Interpreting Multidimensional Arrays¶
It's natural to interpret a three-dimensional array as a rectangular prism like this.
Unfortunately, this spacial model breaks down when you go above three dimensions. A better mental model is to interpret a 1-dimensional array as a row of numbers
a two-dimensional array as a matrix (rows and columns)

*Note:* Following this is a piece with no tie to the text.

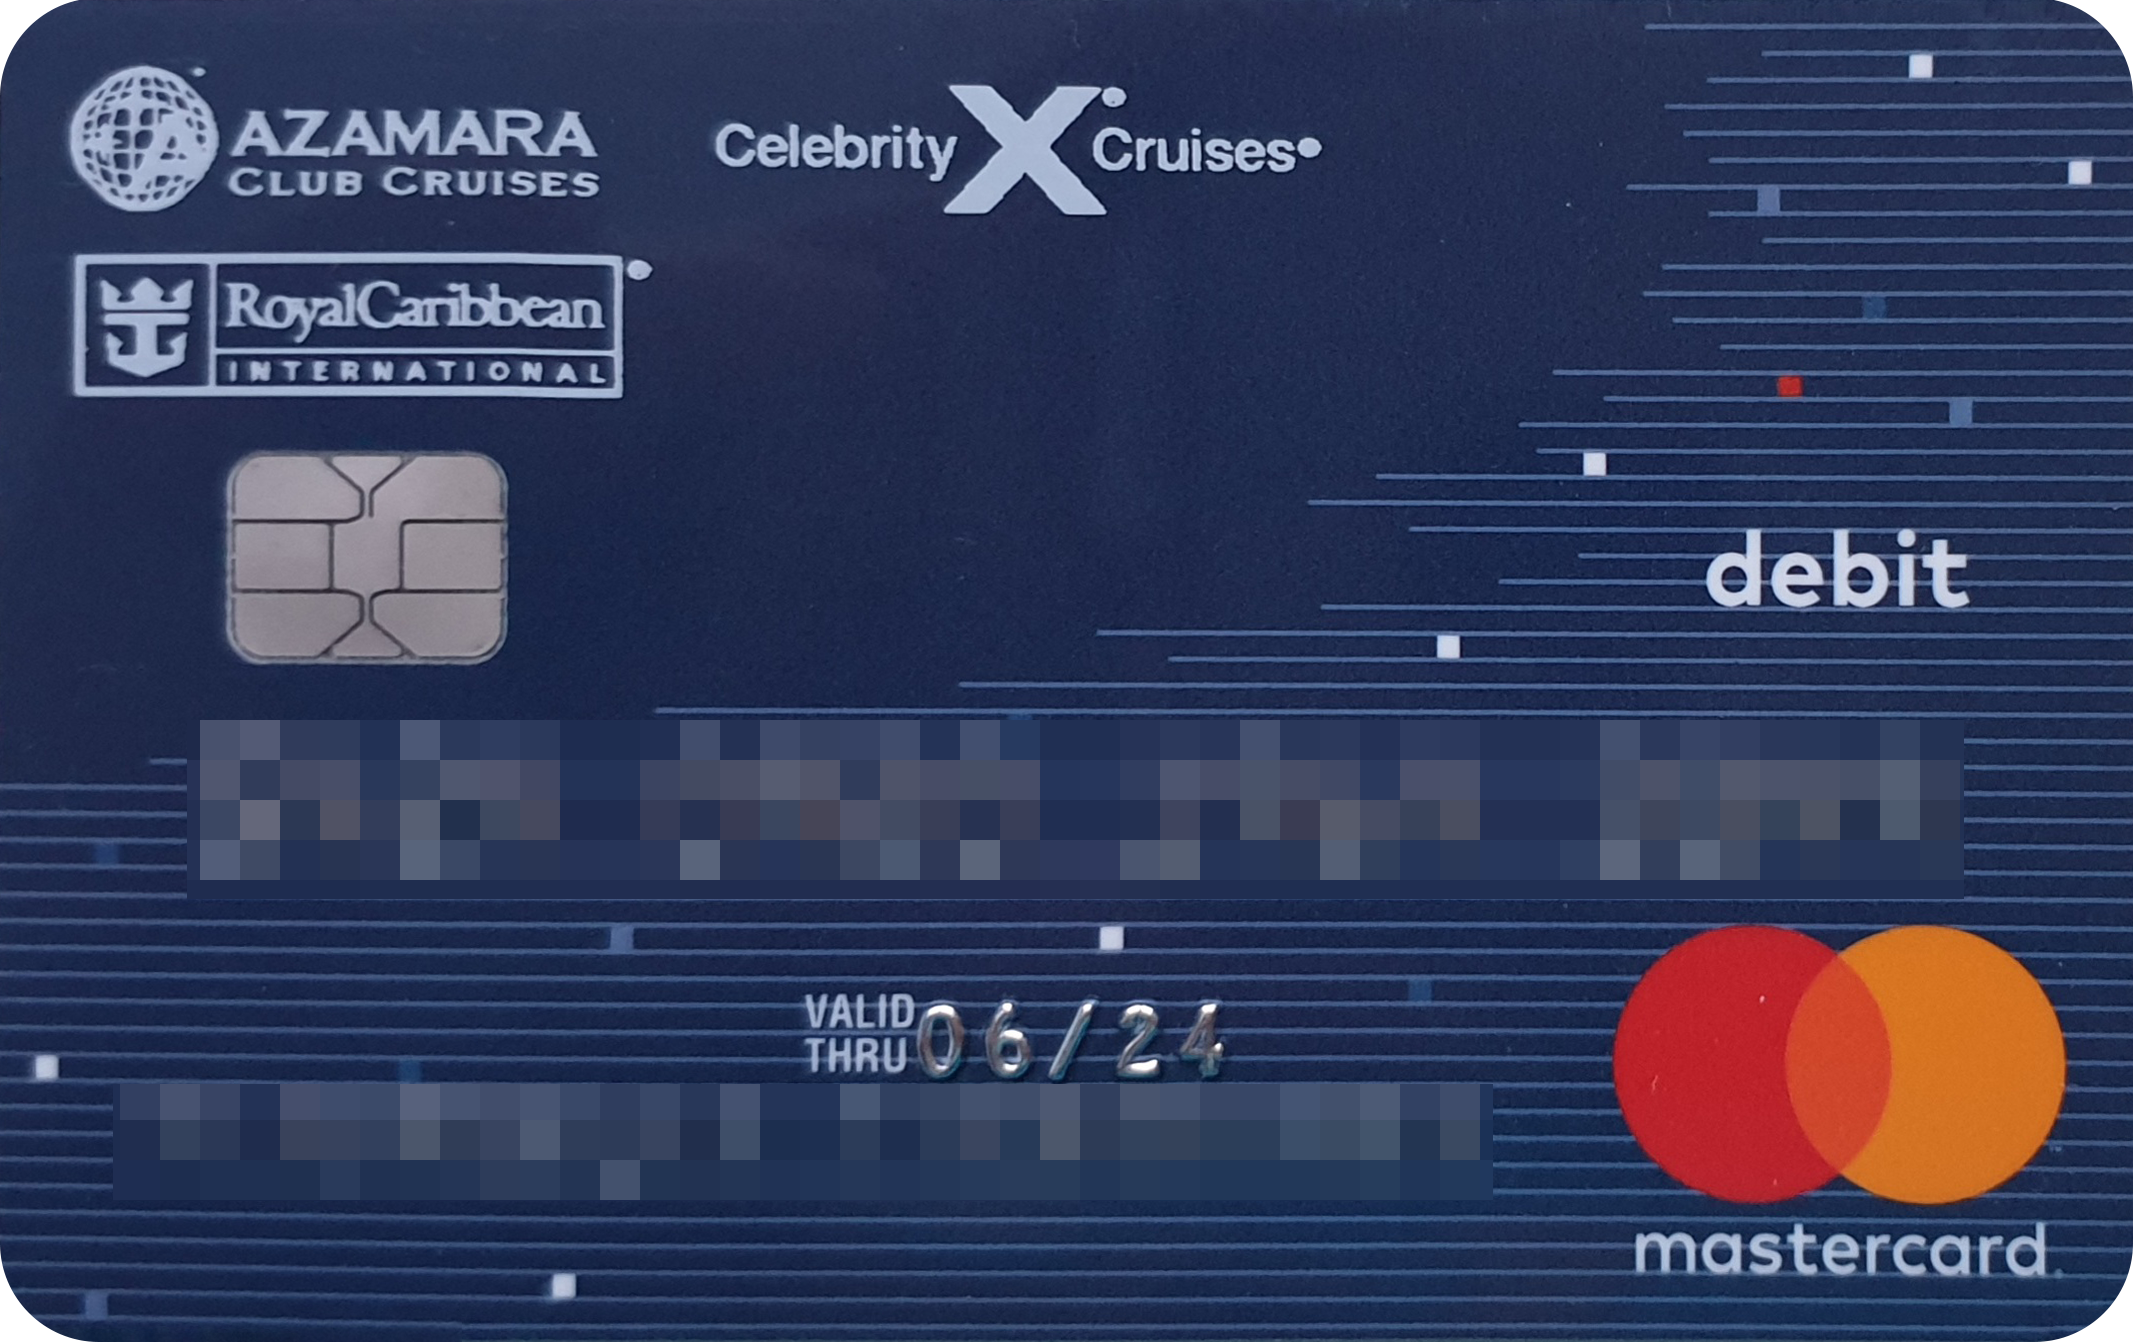 Зарплатная карта, которую выдает круизная компания Celebrity Cruises. Наличность можно снимать на корабле в банкомате без процентов, но я не хотела везти с собой крупную сумму, которую к тому же пришлось бы декларировать в аэропорту. А на личные траты мне хватало чаевых
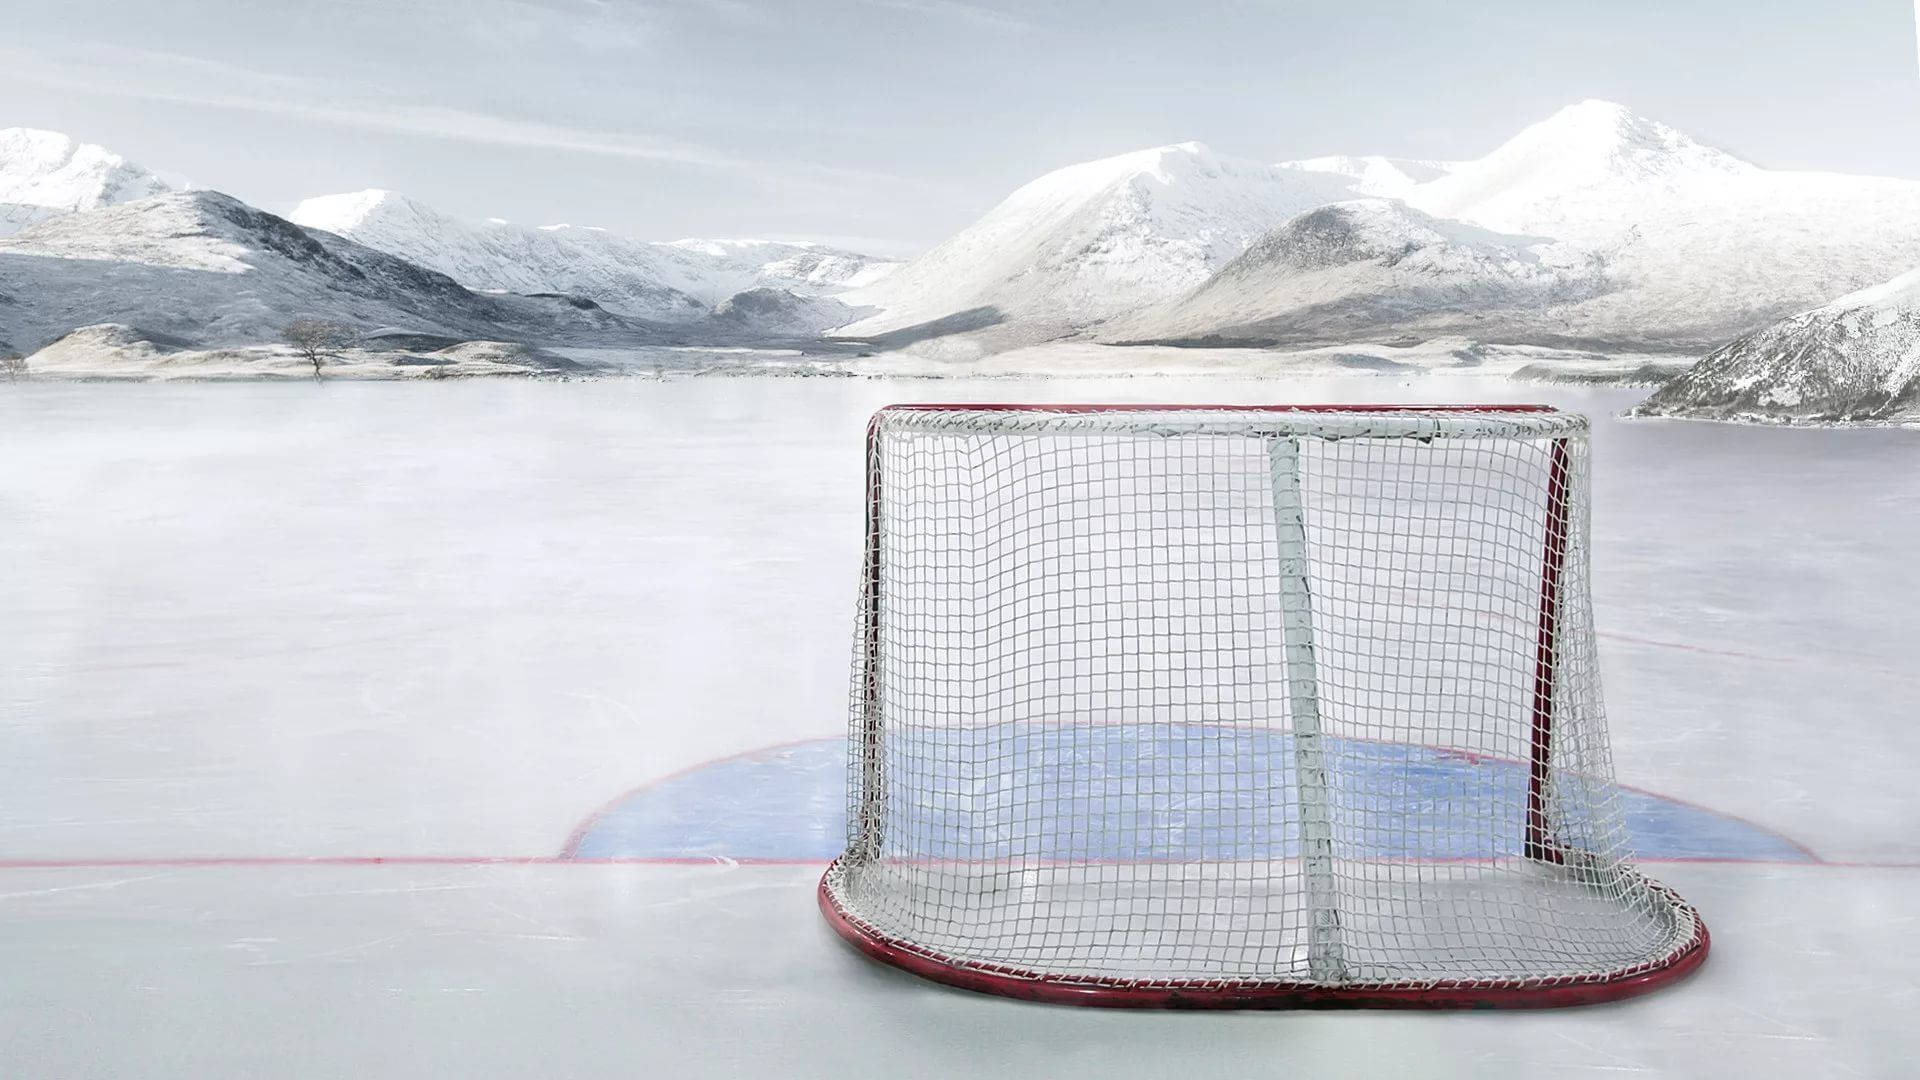 Ice Hockey Goal Background Background

a three-dimensional array as a row of matrices
a four-dimensional array as a matrix of matrices
and so on. Now if you have a three-dimensional array like this
zoo = np.array([
[
[10,20],
[30,40],
[50,60],
],
[
[11,12],
[13,14],
[15,16],
]
])
print(zoo)
# [[[10 20]
# [30 40]
# [50 60]]
# [[11 12]
# [13 14]
# [15 16]]]
and you make an assignment like zoo[0,:,1] = 5
, you can interpret the assignment as
set the 1st matrix, every row, 2nd column equal to 5
zoo[0,:,1] = 5
print(zoo)
# [[[10 5]
# [30 5]
# [50 5]]
# [[11 12]
# [13 14]
# [15 16]]]
Attention
We've glossed over some gritty details and complex scenarios regarding array indexing which we'll cover later.
Basic Math on Arrays¶
Start by defining a pair of 2x2 arrays, foo
and bar
.
foo = np.array([[4,3], [1,0]])
bar = np.array([[1,2], [3,4]])
print(foo)
# [[4 3]
# [1 0]]
print(bar)
# [[1 2]
# [3 4]]
Addition¶
See what happens when we add foo + bar
foo + bar
# array([[5, 5],
# [4, 4]])
The values of foo and bar get added element-wise. This pattern of element-wise addition holds true for every math operation between identically sized arrays.
Subtraction¶
foo - bar
# array([[ 3, 1],
# [-2, -4]])
Multiplication¶
foo * bar
# array([[4, 6],
# [3, 0]])
Division¶
foo / bar
# array([[4. , 1.5 ],
# [0.33333333, 0. ]])
Matrix Multiplication¶
Use the @
operator to do matrix multiplication between numpy arrays.
foo @ bar
# array([[13, 20],
# [ 1, 2]])
Broadcasting Arithmetic¶
If you do foo + 5
, numpy adds 5 to each element of foo
.
foo + 5
# array([[9, 8],
# [6, 5]])
The same goes for subtraction multiplication, division, and all other binary arithmetic operations. This behavior is known as broadcasting. We'll discuss broadcasting in detail later.